- **About this task**:
From the first line of the listing to the last, set down everything exactly, but skip the images.

- **Supplied information**:
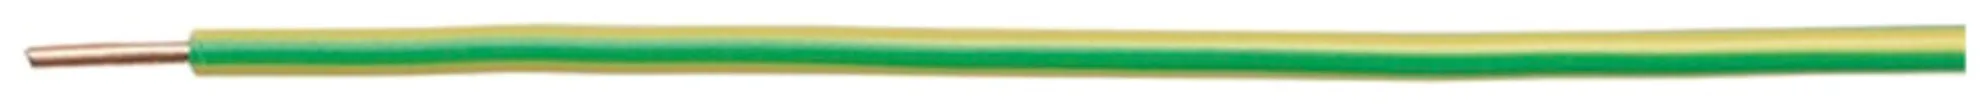 Filo N H07Z1-U senza alogeno 1.5mm² 450/750V verde-giallo Cca 
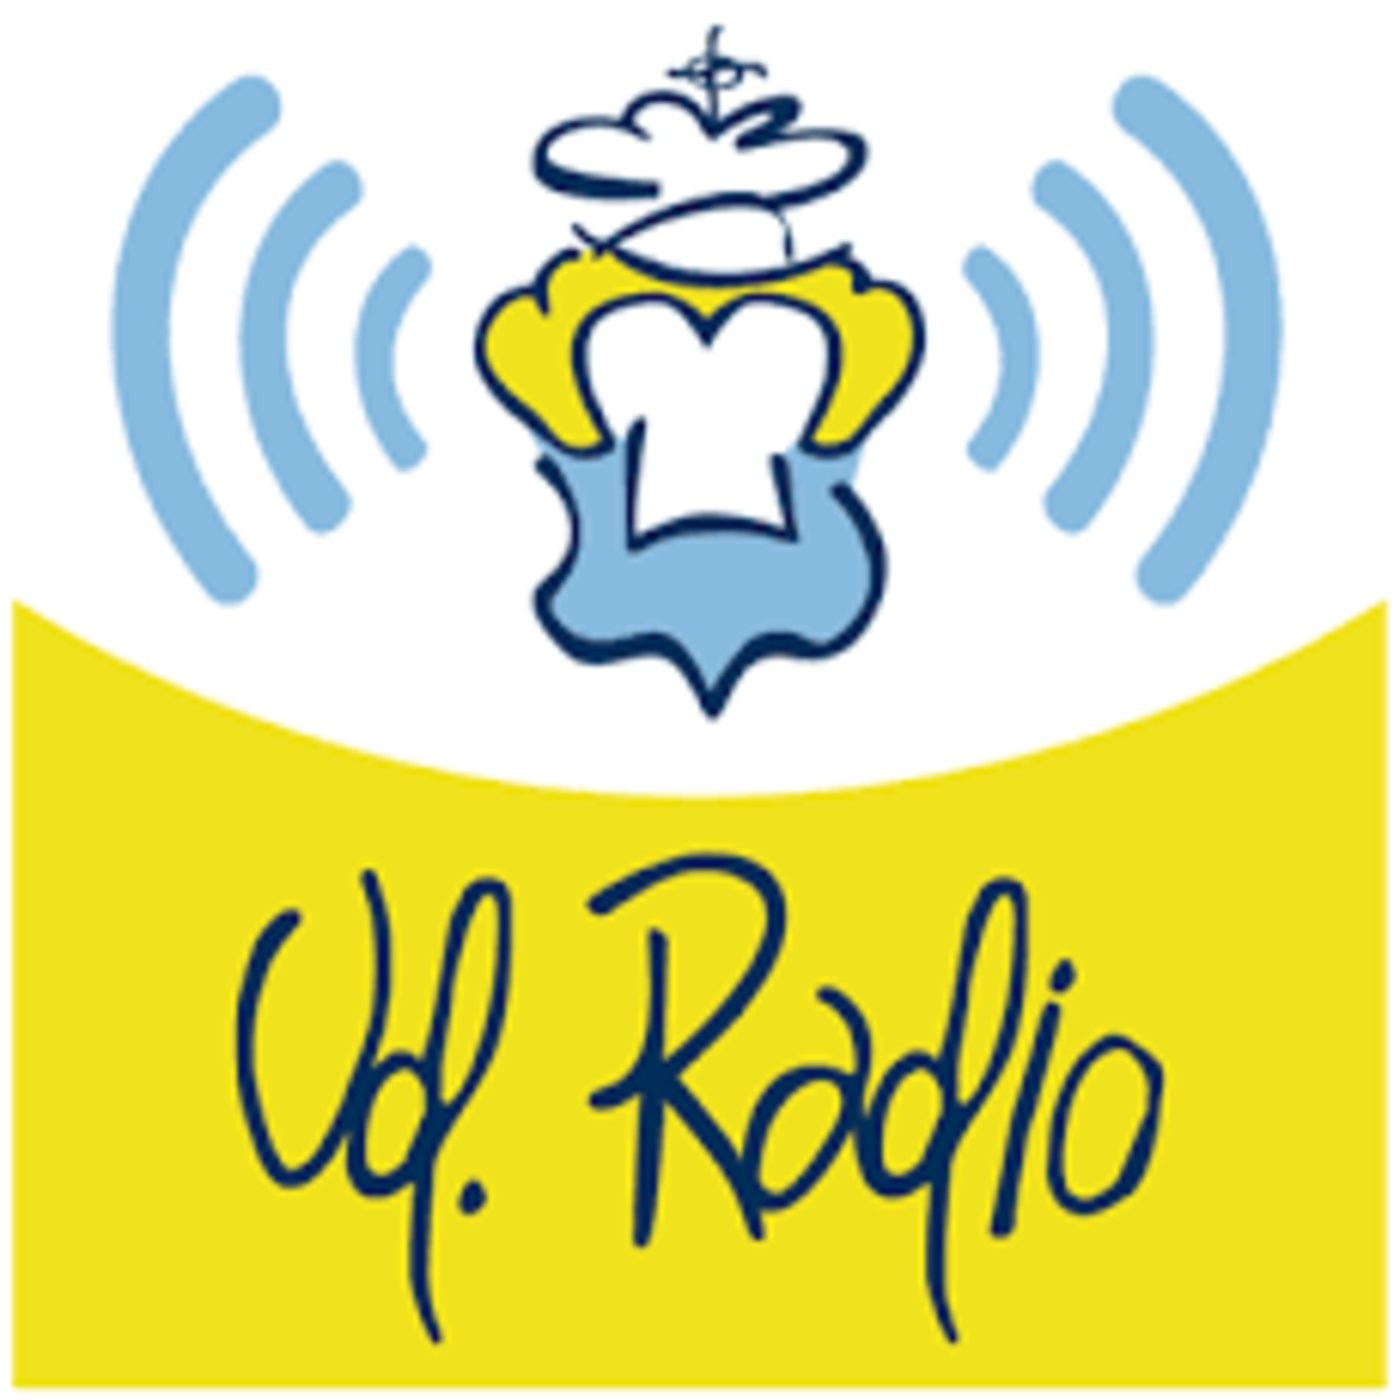 Cada semana Aplicado Una buena amiga UD RADIO - Podcast en iVoox
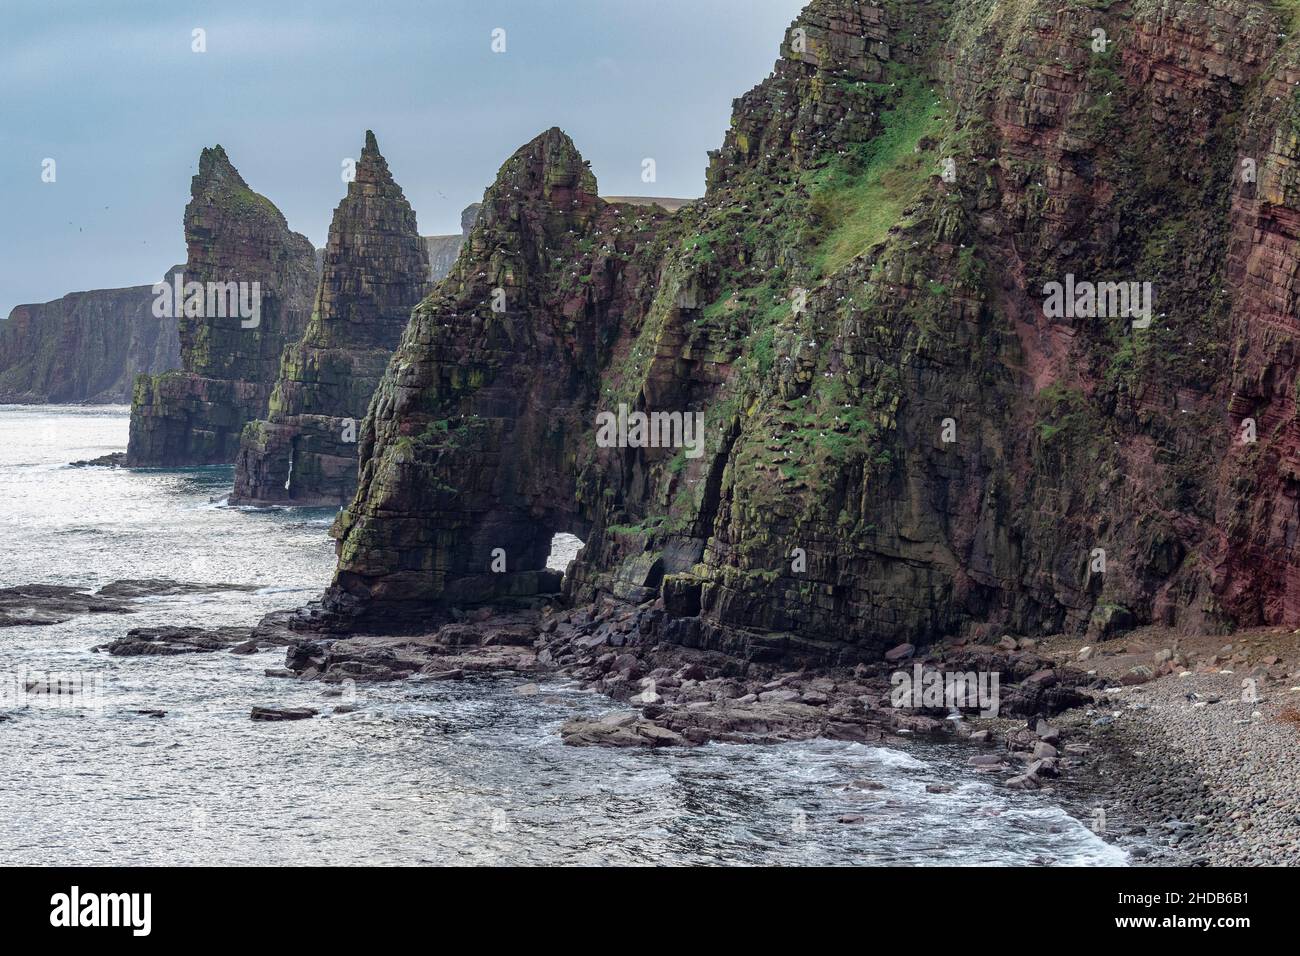 Les piles de mer et les falaises de Duncansby Head, la partie la plus au nord-est des terres principales écossaises et britanniques, légèrement au nord-est de John o' Gro Banque D'Images

- **Exercise response**:
 Filo N H07Z1-U senza alogeno 1.5mm² 450/750V verde-giallo Cca 
 Cada semana Aplicado Una buena amiga UD RADIO - Podcast en iVoox
 Les piles de mer et les falaises de Duncansby Head, la partie la plus au nord-est des terres principales écossaises et britanniques, légèrement au nord-est de John o' Gro Banque D'Images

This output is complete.